[TASK DATA]:
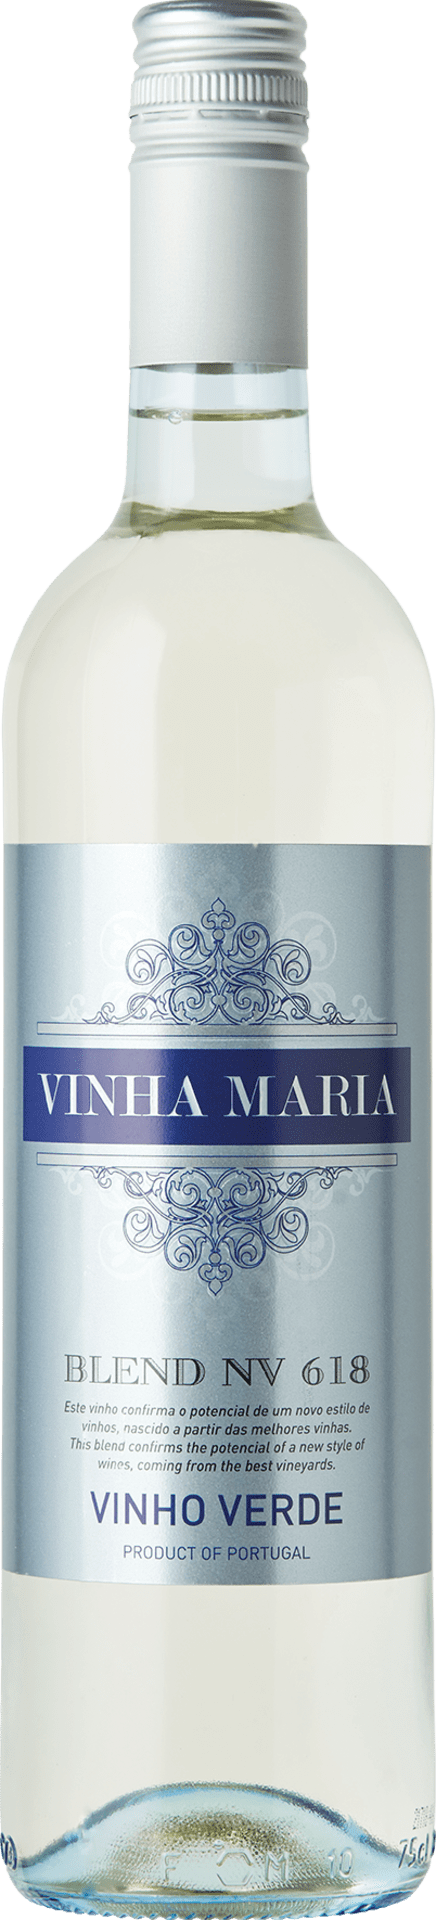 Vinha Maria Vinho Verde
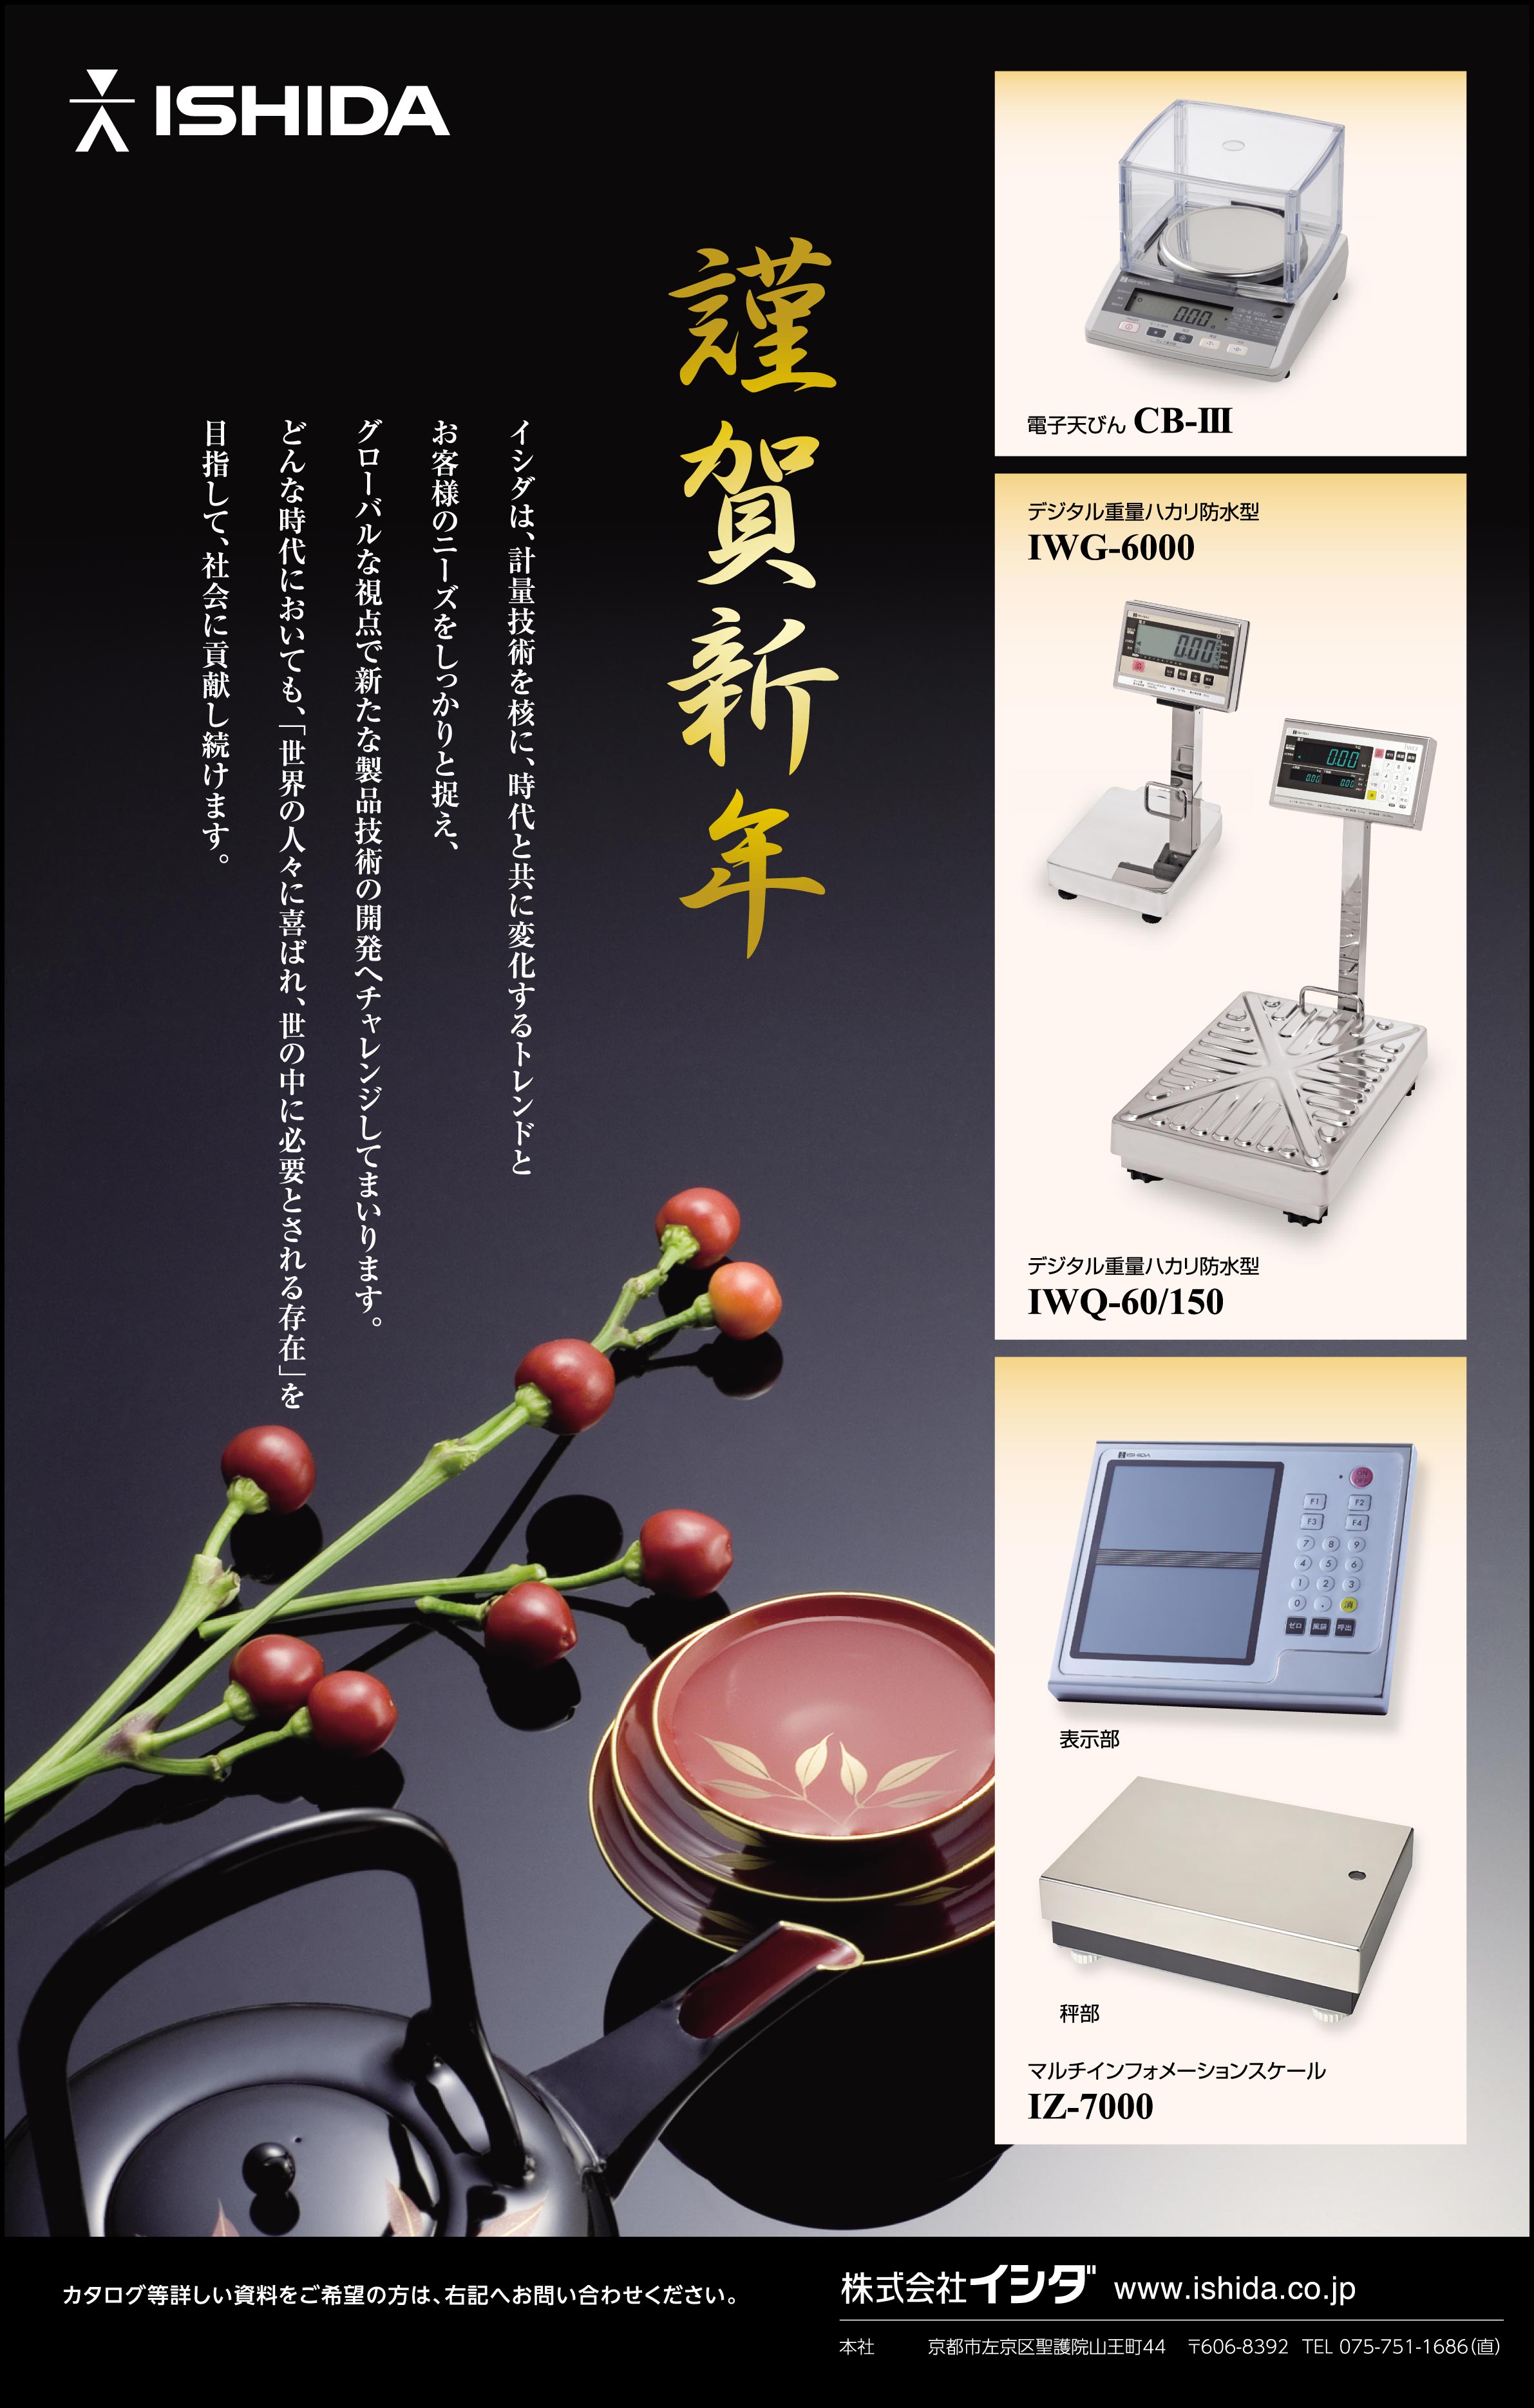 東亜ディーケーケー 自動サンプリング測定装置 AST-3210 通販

* * *

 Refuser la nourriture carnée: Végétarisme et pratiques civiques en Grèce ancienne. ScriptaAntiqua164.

[REQUIRED ACTION]:
Nothing but the lines from the one with "Vinha Maria Vinho Verde" to the one with "東亜ディーケーケー 自動サンプリング測定装置 AST-3210 通販" above, both included, should be transcribed, exactly and without pictures.

[SOLUTION]:
 Vinha Maria Vinho Verde
 東亜ディーケーケー 自動サンプリング測定装置 AST-3210 通販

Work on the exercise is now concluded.